- YOUR GOAL -
Print the data below verbatim, minus images.

** Opening ENTRIES PROVIDED block **

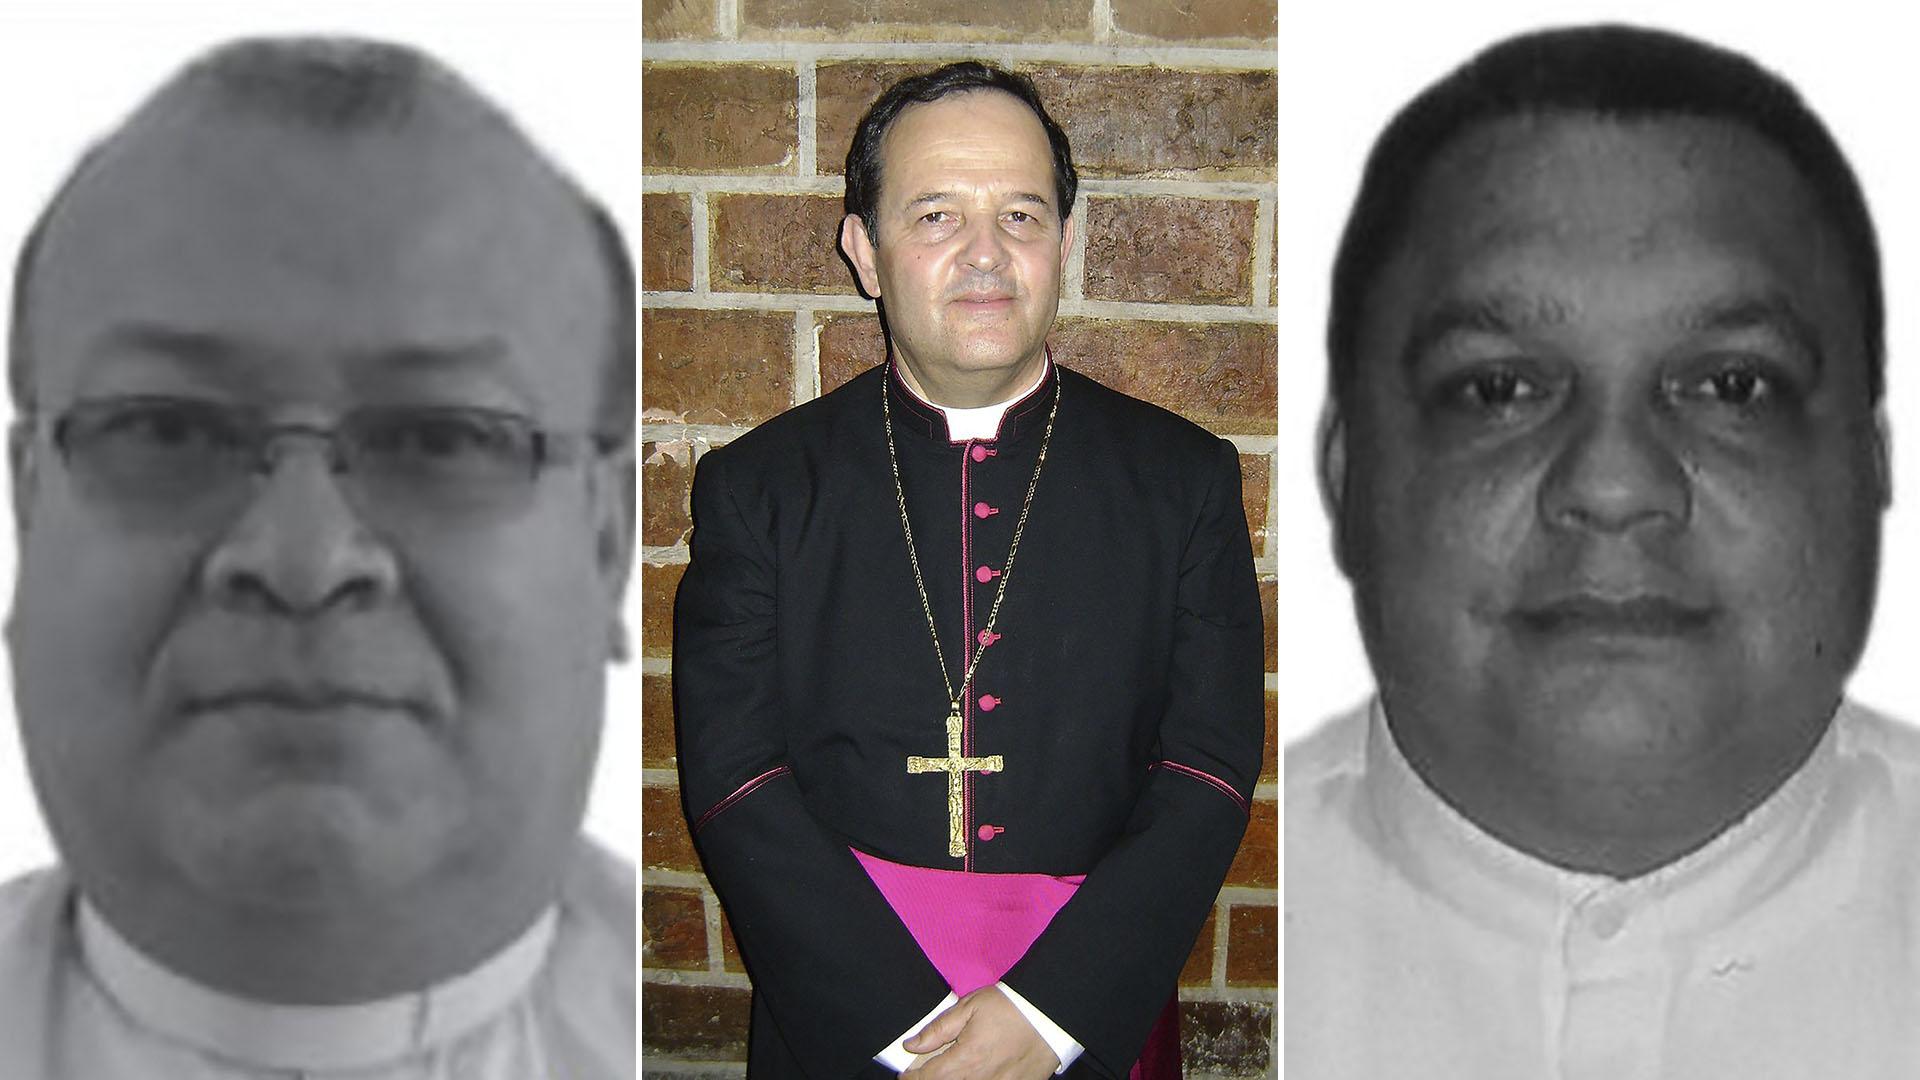 Estos son algunos de los sacerdotes acusados de pederastia (Foto: Archivo)
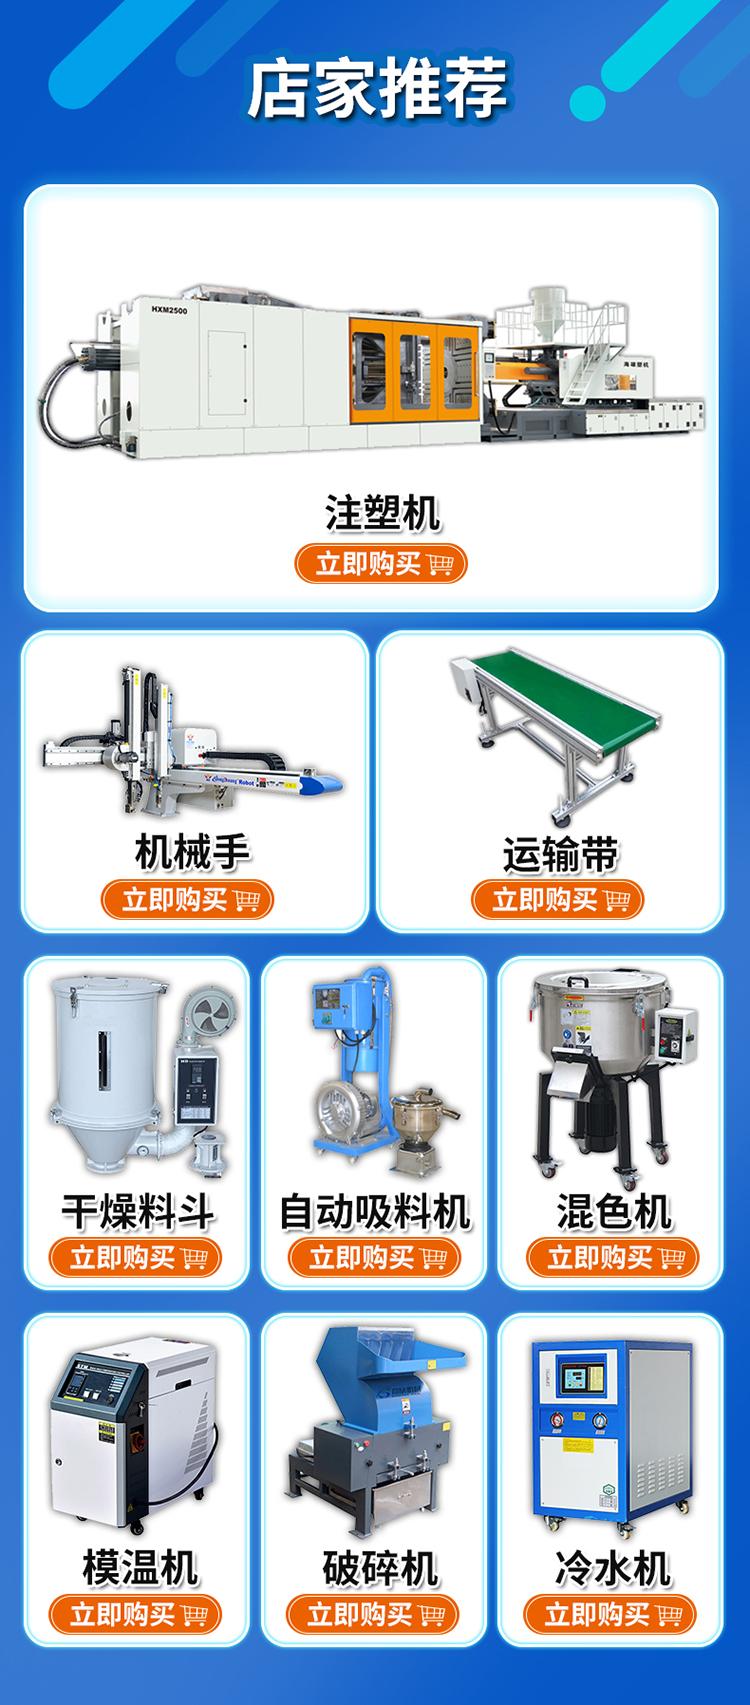 海雄厂家,伺服节能型,日用品注塑机HXM630-I145636215
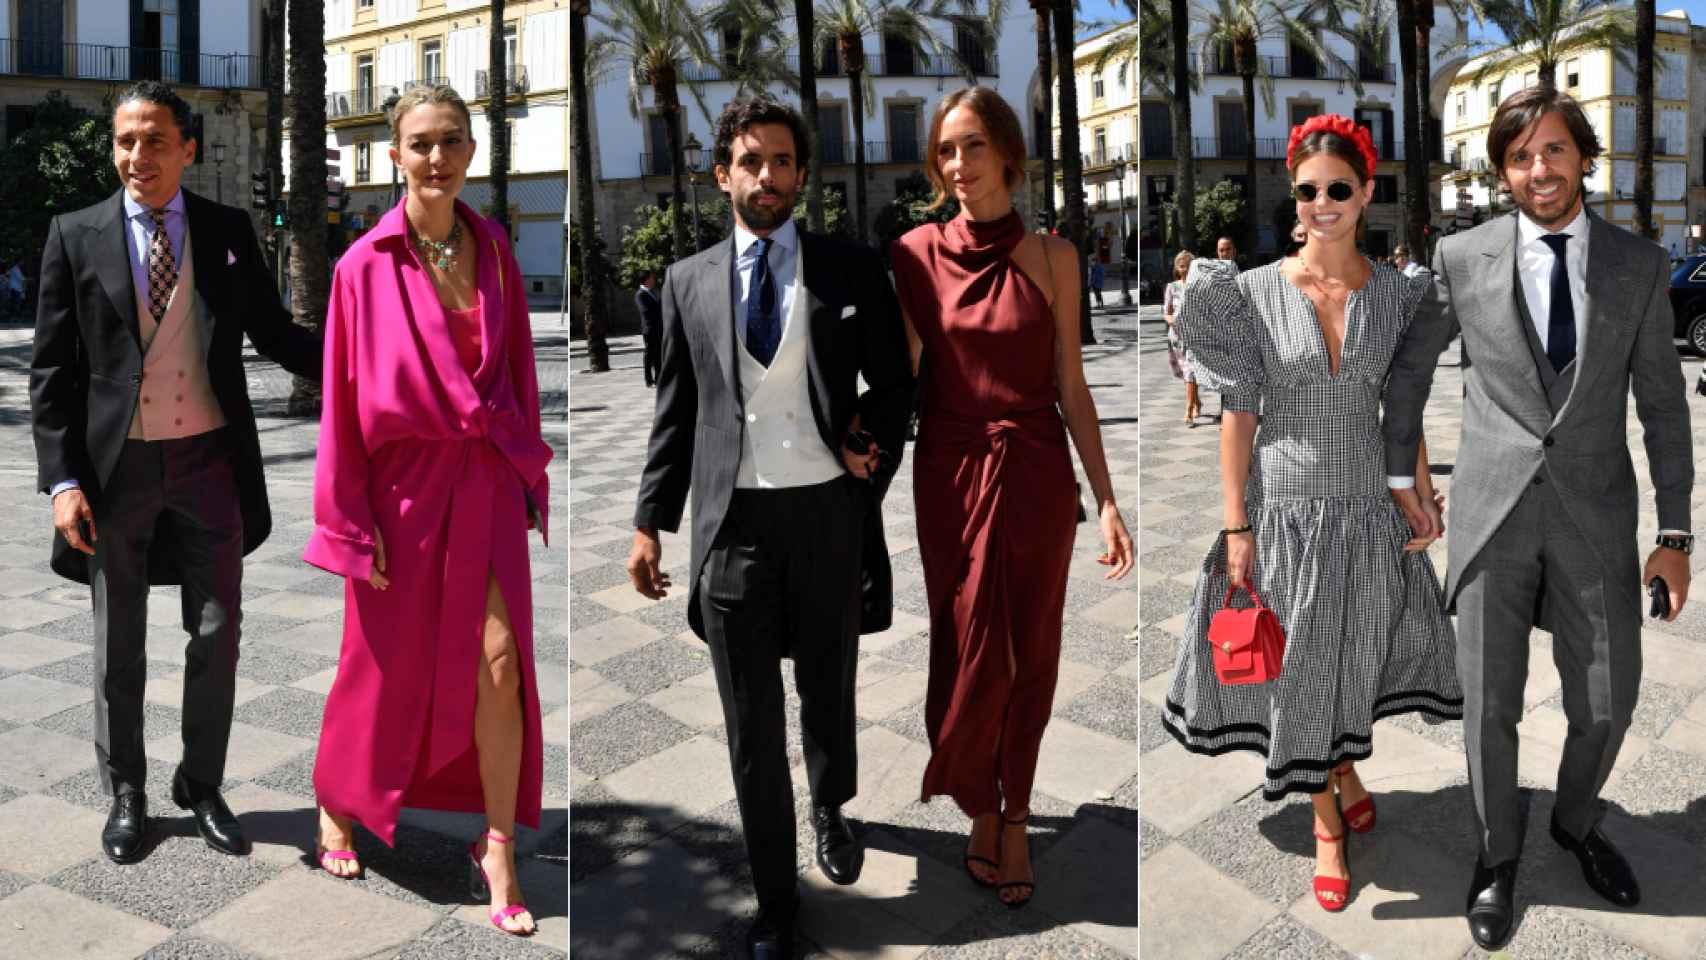 Invitados a la boda de Carlos Cortina y Carla Vega-Penichet.
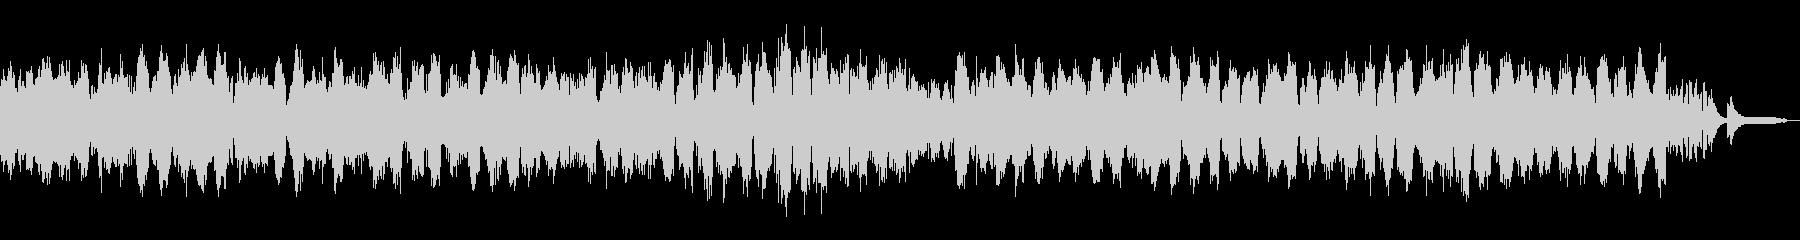 ヒーリングクラシック「春の歌」94の未再生の波形
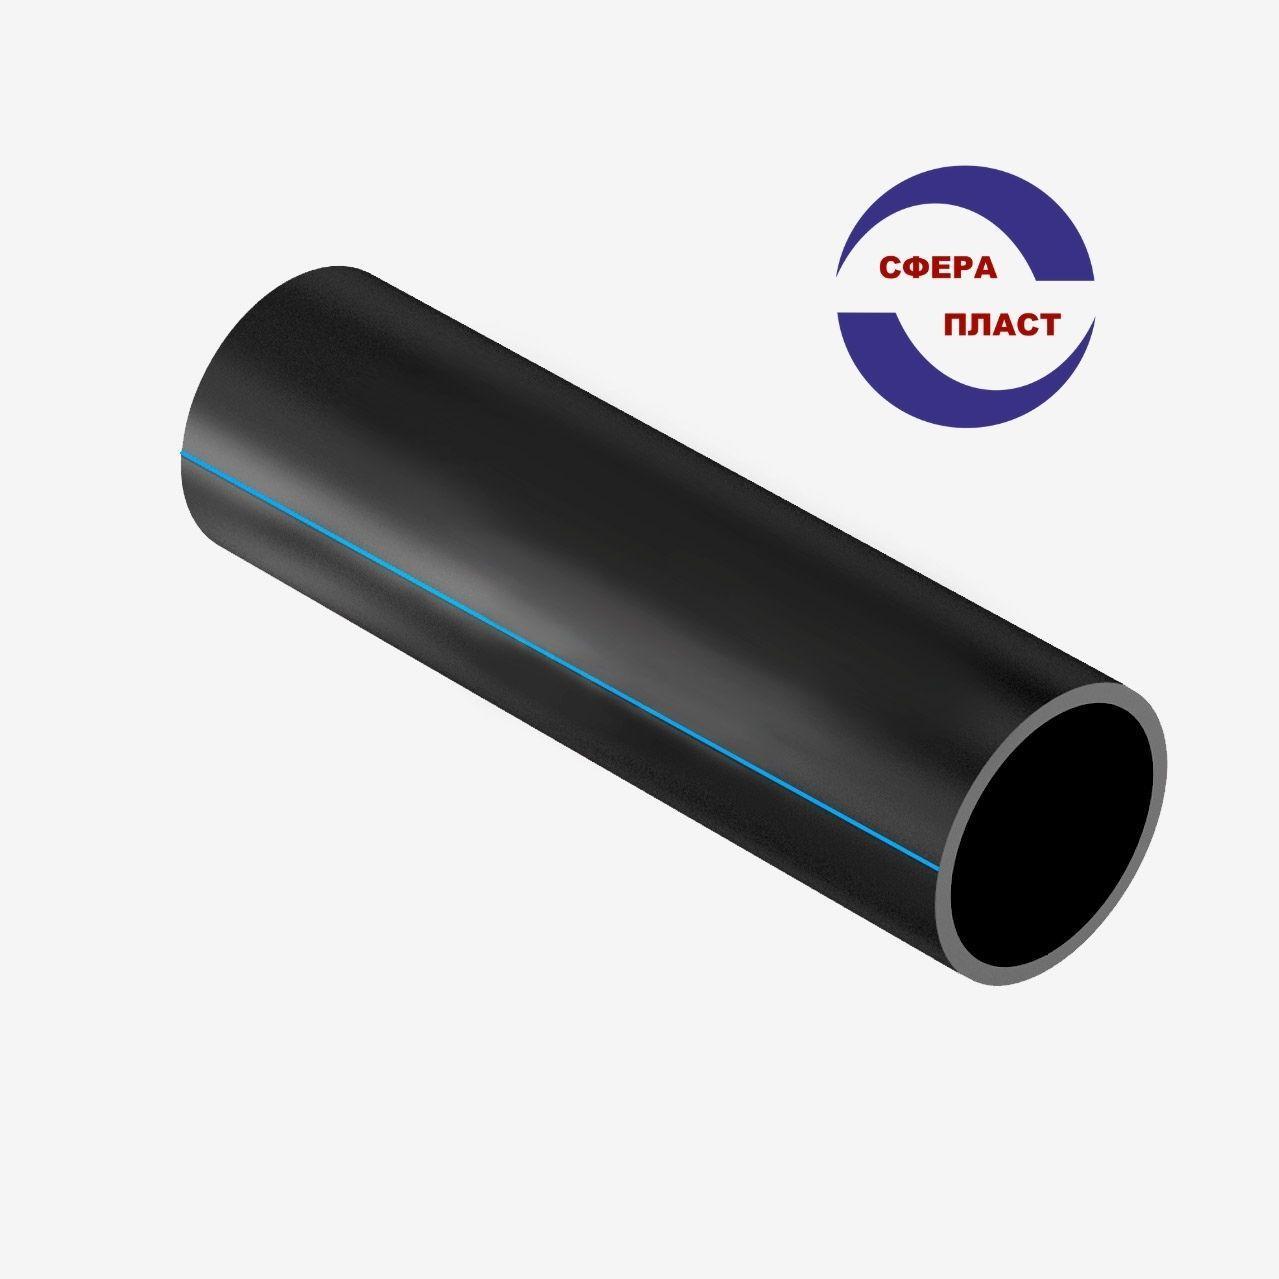 Труба Ду-40x3,0 SDR13,6 (12,5 атм) полиэтиленовая ПЭ-100
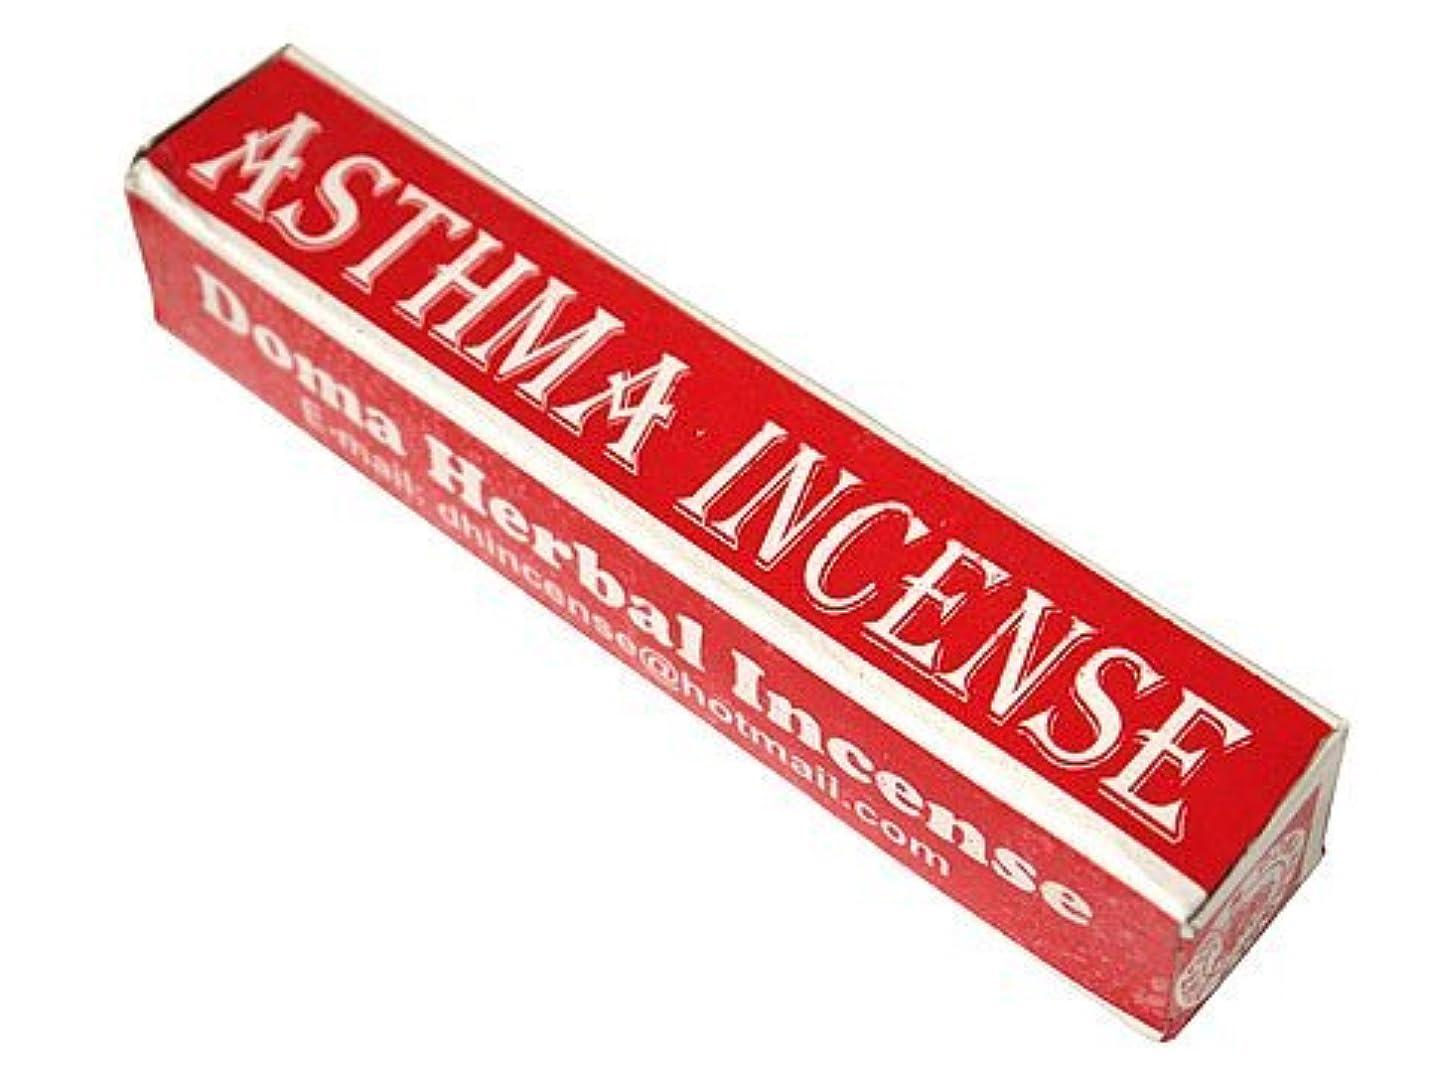 豊富寝てるオートドマハーバルインセンス Doma Herbal Incense【ASTHMA アスタマ】

** Closing ENTRIES PROVIDED block **

- SOLUTION TO THE EXERCISE -
 Estos son algunos de los sacerdotes acusados de pederastia (Foto: Archivo)
 海雄厂家,伺服节能型,日用品注塑机HXM630-I145636215
 Invitados a la boda de Carlos Cortina y Carla Vega-Penichet.
 ヒーリングクラシック「春の歌」94の未再生の波形
 Труба Ду-40x3,0 SDR13,6 (12,5 атм) полиэтиленовая ПЭ-100
 豊富寝てるオートドマハーバルインセンス Doma Herbal Incense【ASTHMA アスタマ】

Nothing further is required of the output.